Kade handed his mate a pair of scissors.

“Get the rest of her clothes off,” he said. “Do your best to make sure that there’s nothing stuck in the wounds, or it’ll get infected.”

Kade brought over a desk lamp — the best light he could find — and went to work getting fibers and moss out of the huge claw mark on her back, washing it every so often with a saline rinse that had also been in the first aid kit. She was still bleeding, but thankfully, the blood had slowed to a trickle instead of a gush.

Still, she was in trouble. She didn’t have much more to lose.

Daniel cut a sleeve off, then gently tugged her shirt out from under her. Then, with his fingertips, he gently brushed the light brown hair off the back of her neck, carefully placing the wet, dirty strands behind her head.

In that moment, Kade looked up at his mate’s face, and he saw himself reflected there.

Neither of them knew why, but they’d both fight fifty wolves for this girl. A hundred. The number didn’t matter.

“Who is she?” Daniel asked softly, his face determinedly neutral.

“I don’t know,” Kade said. He plucked a long blue strip of cloth from the wound, wincing as the girl gasped in her sleep. “She was about to shoot me.”

Daniel’s eyebrows went up.

“And?”

“And the wolves attacked her.”

Daniel went quiet again, carefully cutting up each of the girl’s pant legs. Despite his enormous size, he had fast, meticulous fingers, rough with callouses. He had no problem easily lifting each of the girl’s legs to yank her pants off. Now the girl was naked and face down on their kitchen table, still unconscious.

Kade stepped back and looked at his work. Her wounds were mostly clean now, though the table was an awful mess. If she lived, he’d probably hear about it from Daniel — he’d have to sand the table down to get the bloodstains out.

Daniel had made that table himself, years ago, when he and Kade had finally become mates. It was the place where they ate their meals, did their work, shared their lives.

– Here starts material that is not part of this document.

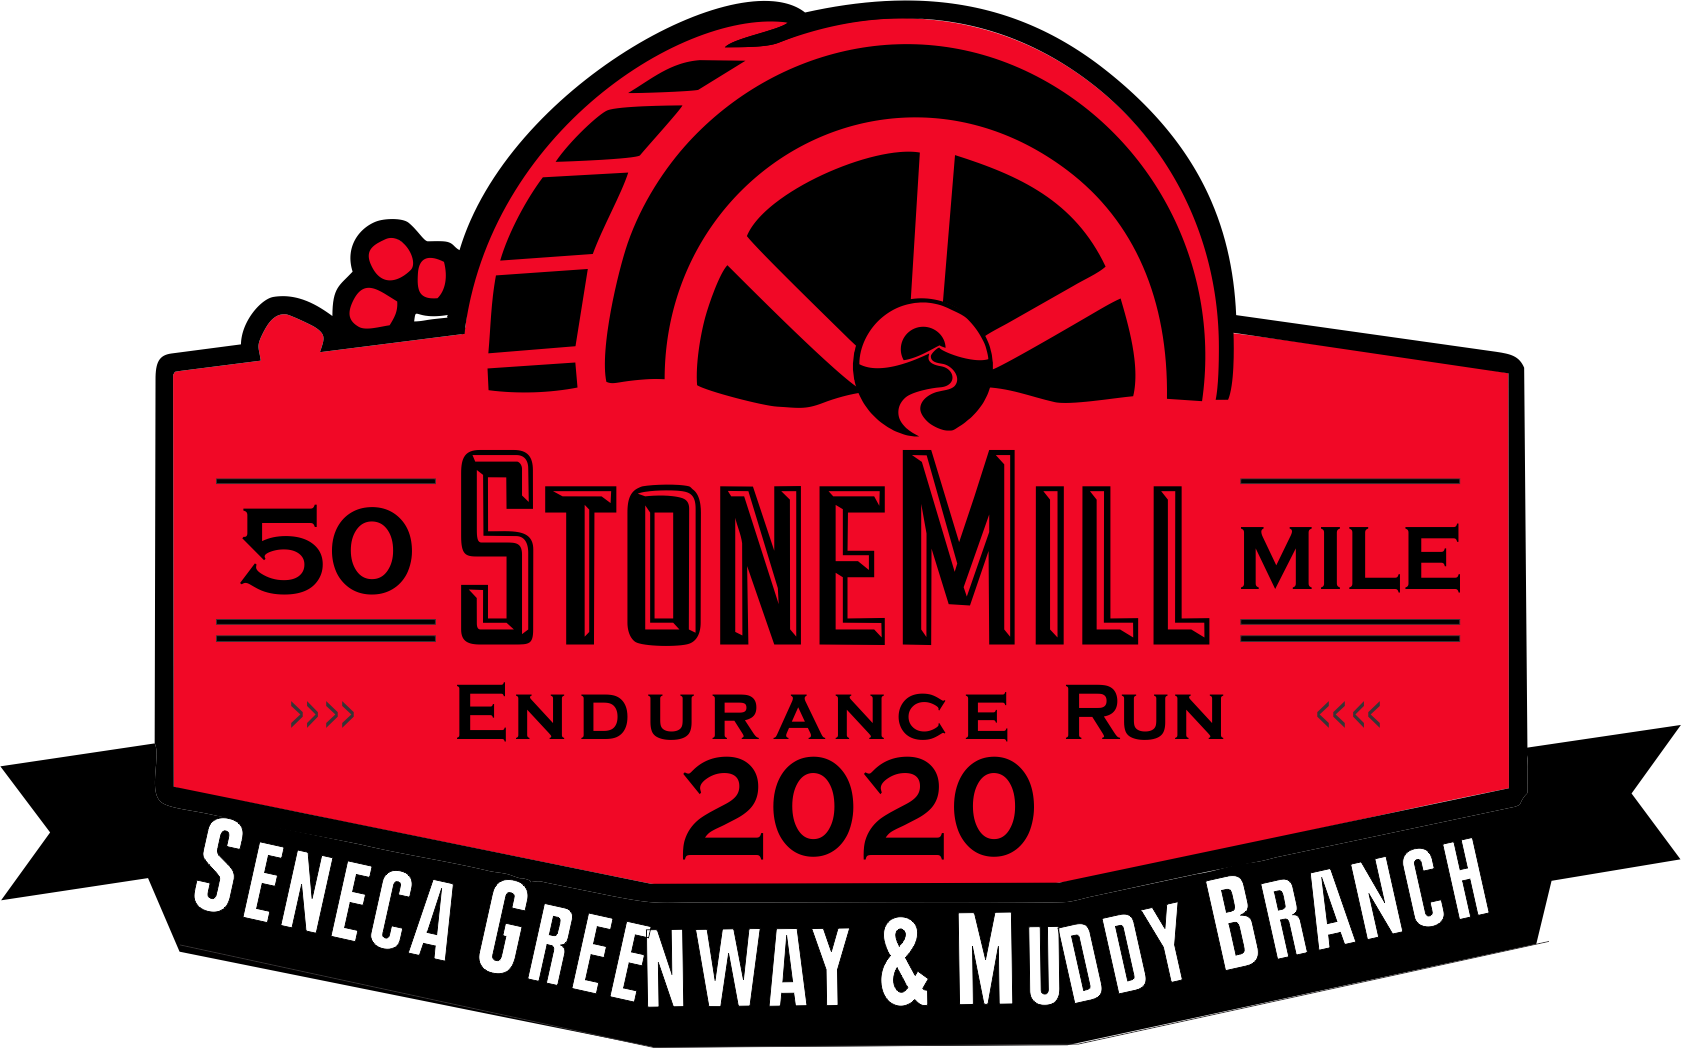 Stone Mill 50 Mile Run logo on RaceRaves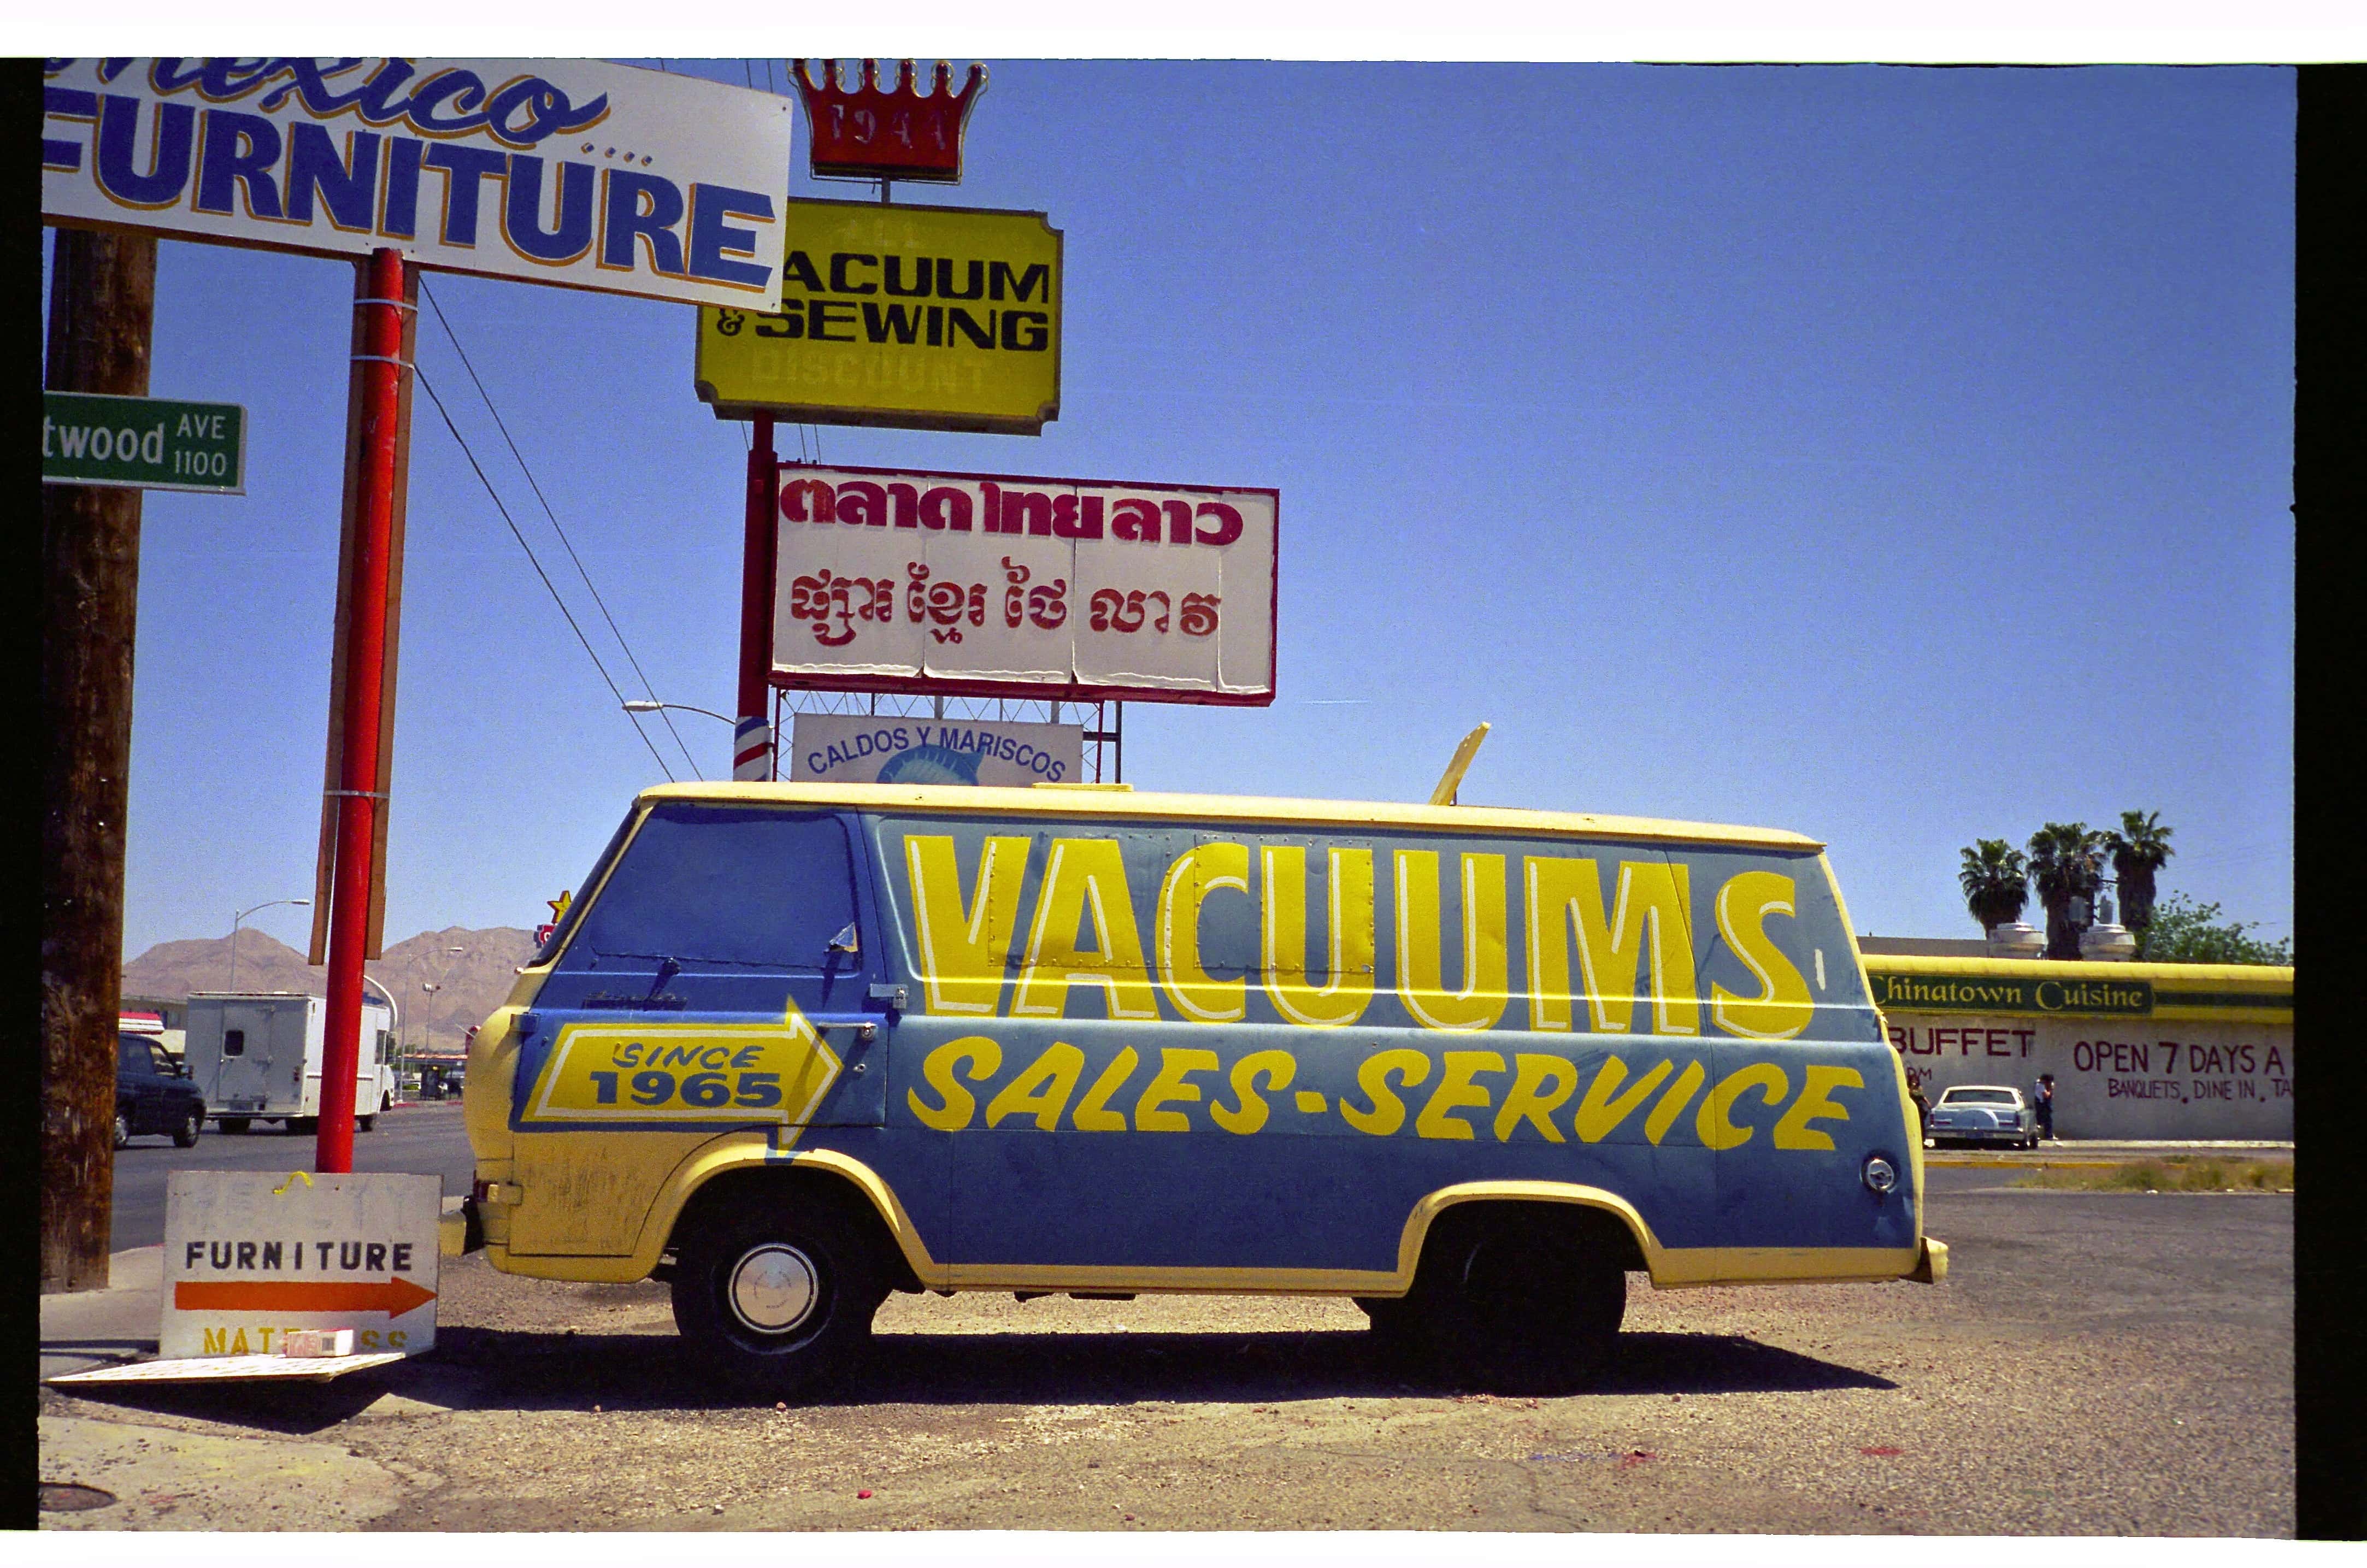 vacuums sales-service. Source.

Daniel’s version of an engagement ring, almost, and now it was stained with a human’s blood.

Kade hoped that wasn’t a dire symbol of some kind.

Any other time, he thought, he’d have appreciated her body. Underneath the ugly, masculine clothes she’d been wearing, she was muscular but curvaceous, the sort of thing that ought to make his mouth water.

There was too much blood for that right now, and she was unconscious, besides.

“Kade,” Daniel said, his voice finally breaking through Kade’s thoughts. The other man stood at the foot of the table, his arms crossed. He looked somber.

Kade looked up at his mate.

“Her wounds are too deep,” Daniel went on. He had a powerful, low voice, but he rarely raised it. “She needs stitches.”

“I can’t give her stitches,” Kade said.

He felt the panic begin. Was this girl — this incredibly important girl, whoever she was — another person he couldn’t save?

How many are there going to be?He wondered, the adrenaline driving a spike though his heart.

He felt a big, warm hand on his shoulder, and there was Daniel, looking into his eyes.

“I’m not taking her to the hospital,” Kade said. “I’m not taking her anywhere they can get her.”

“Call your cousin Hunter,” Daniel said.

Then the girl gasped, and her eyes flew open.